The model seems to have been modified (12 nodes in the output layer):

AlexNetImpl(
  (features): torch::nn::Sequential(
    (0): torch::nn::Conv2d(3, 64, kernel_size=[11, 11], stride=[4, 4], padding=[2, 2])
    (1): torch::nn::Functional()
    (2): torch::nn::Functional()
    (3): torch::nn::Conv2d(64, 192, kernel_size=[5, 5], stride=[1, 1], padding=[2, 2])
    (4): torch::nn::Functional()
    (5): torch::nn::Functional()
    (6): torch::nn::Conv2d(192, 384, kernel_size=[3, 3], stride=[1, 1], padding=[1, 1])
    (7): torch::nn::Functional()
    (8): torch::nn::Conv2d(384, 256, kernel_size=[3, 3], stride=[1, 1], padding=[1, 1])
    (9): torch::nn::Functional()
    (10): torch::nn::Conv2d(256, 256, kernel_size=[3, 3], stride=[1, 1], padding=[1, 1])
    (11): torch::nn::Functional()
    (12): torch::nn::Functional()
  )
  (classifier): torch::nn::Sequential(
    (0): torch::nn::Dropout(p=0.5, inplace=false)
    (1): torch::nn::Linear(in_features=9216, out_features=4096, bias=true)
    (2): torch::nn::Functional()
    (3): torch::nn::Dropout(p=0.5, inplace=false)
    (4): torch::nn::Linear(in_features=4096, out_features=4096, bias=true)
    (5): torch::nn::Functional()
    (6): torch::nn::Linear(in_features=4096, out_features=12, bias=true)
  )
)

Now I simply save the model and then I load it into a new object.

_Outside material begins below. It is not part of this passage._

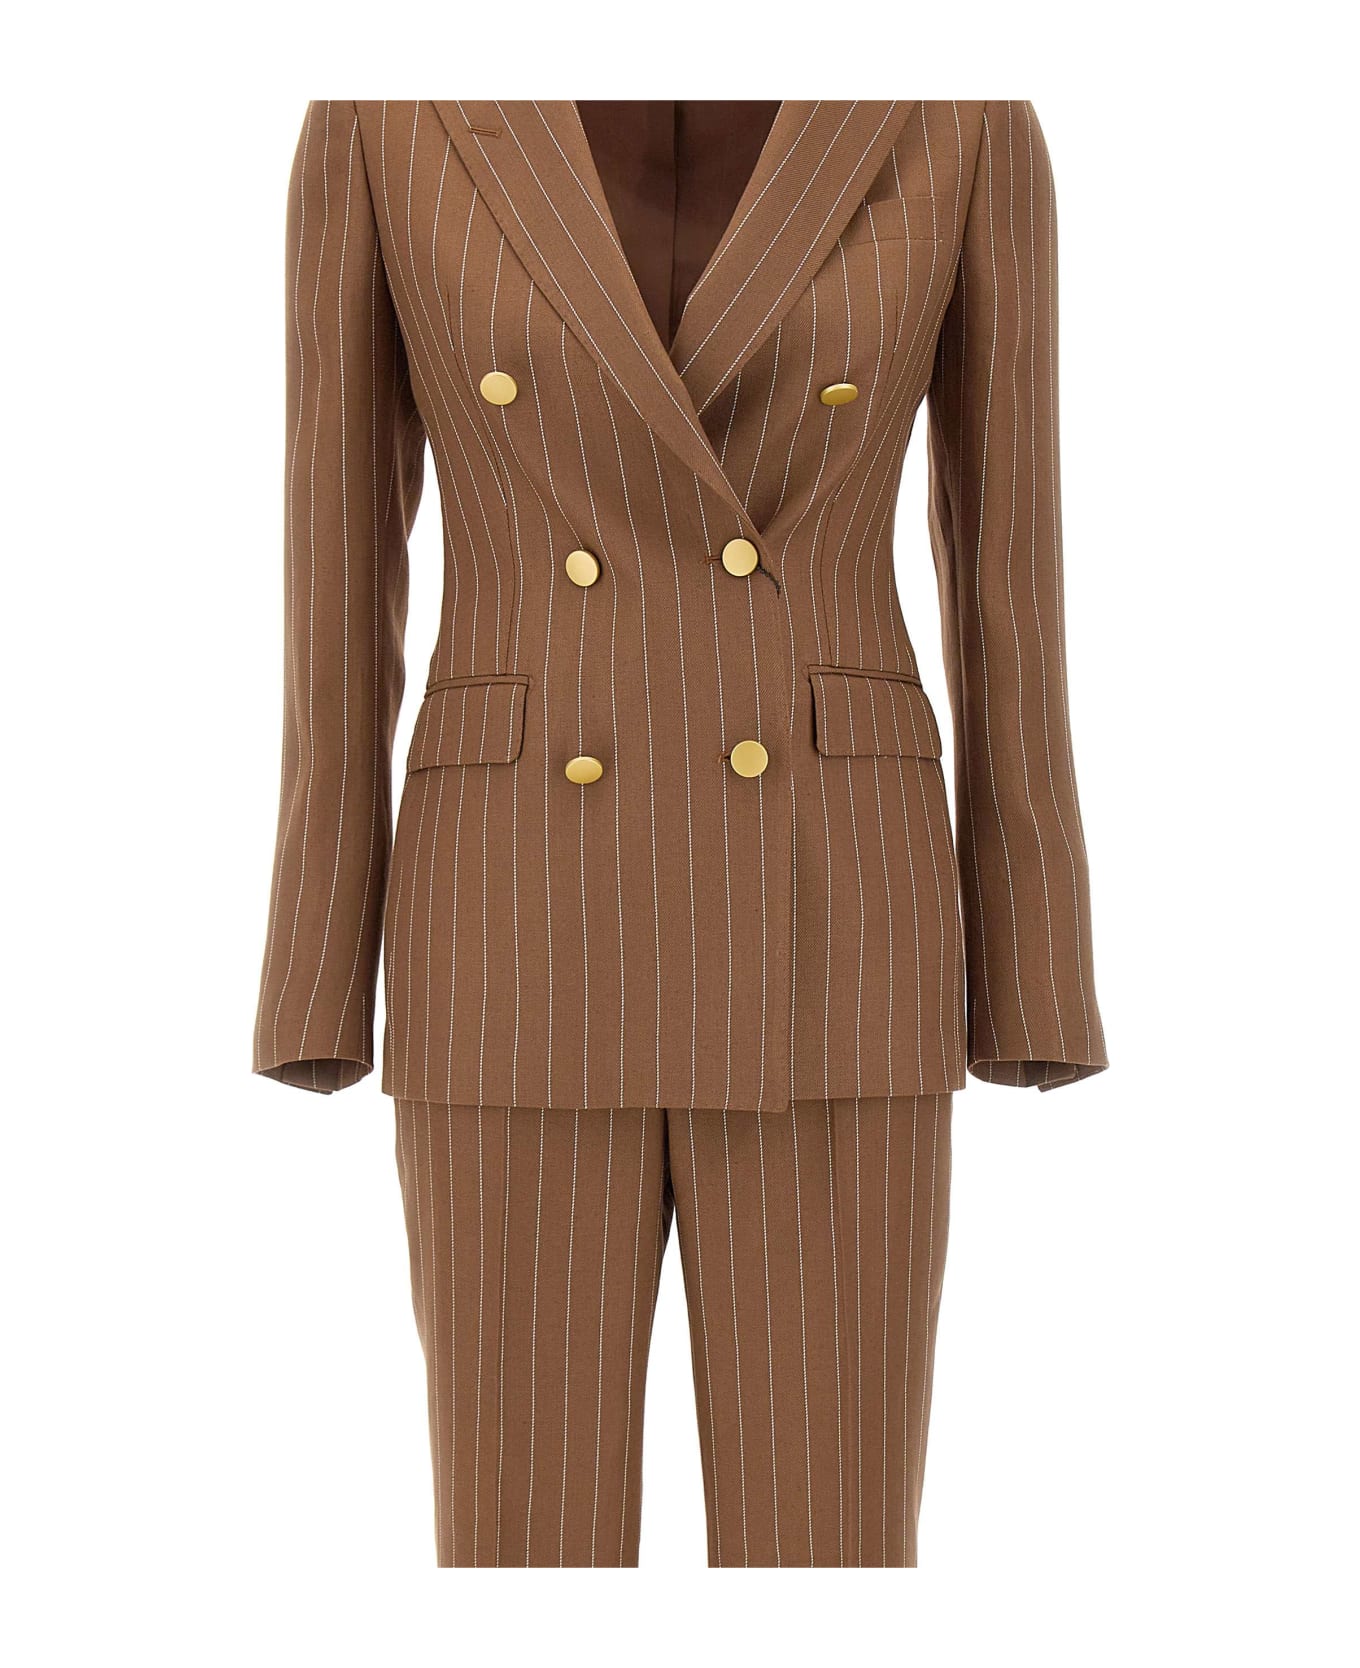 Tagliatore "parigi" Linen Two-piece Suit - BROWN ボトムス

torch::save(model_from_torchvision, "savedmodel.pt");

AlexNet model_tmp;
torch::load(model_tmp, "savedmodel.pt");

But model_tmp structure is not the modified one but the original one (with 1000 nodes in the output layer).

AlexNetImpl(
  (features): torch::nn::Sequential(
    (0): torch::nn::Conv2d(3, 64, kernel_size=[11, 11], stride=[4, 4], padding=[2, 2])
    (1): torch::nn::Functional()
    (2): torch::nn::Functional()
    (3): torch::nn::Conv2d(64, 192, kernel_size=[5, 5], stride=[1, 1], padding=[2, 2])
    (4): torch::nn::Functional()
    (5): torch::nn::Functional()
    (6): torch::nn::Conv2d(192, 384, kernel_size=[3, 3], stride=[1, 1], padding=[1, 1])
    (7): torch::nn::Functional()
    (8): torch::nn::Conv2d(384, 256, kernel_size=[3, 3], stride=[1, 1], padding=[1, 1])
    (9): torch::nn::Functional()
    (10): torch::nn::Conv2d(256, 256, kernel_size=[3, 3], stride=[1, 1], padding=[1, 1])
    (11): torch::nn::Functional()
    (12): torch::nn::Functional()
  )
  (classifier): torch::nn::Sequential(
    (0): torch::nn::Dropout(p=0.5, inplace=false)
    (1): torch::nn::Linear(in_features=9216, out_features=4096, bias=true)
    (2): torch::nn::Functional()
    (3): torch::nn::Dropout(p=0.5, inplace=false)
    (4): torch::nn::Linear(in_features=4096, out_features=4096, bias=true)
    (5): torch::nn::Functional()
    (6): torch::nn::Linear(in_features=4096, out_features=1000, bias=true)
  )
)

Why could this be?
It seems that any change I make from outside the model is not persistent and it is lost after saving.
Thanks.

ptrblck · May 27, 2020, 7:47am

That’s interesting and it seems that maybe only the parameters were loaded? Although I would assume that this would raise an error, as you would have a shape mismatch in the last linear layer.

Note that I don’t use the C++ frontend for training, so I’m not sure how the serialization is working correctly and I usually just stick to the tests to see a proper usage.
However, I cannot find a comparable test for the fine-tuning use case.

I think @yf225 would know, what’s going on.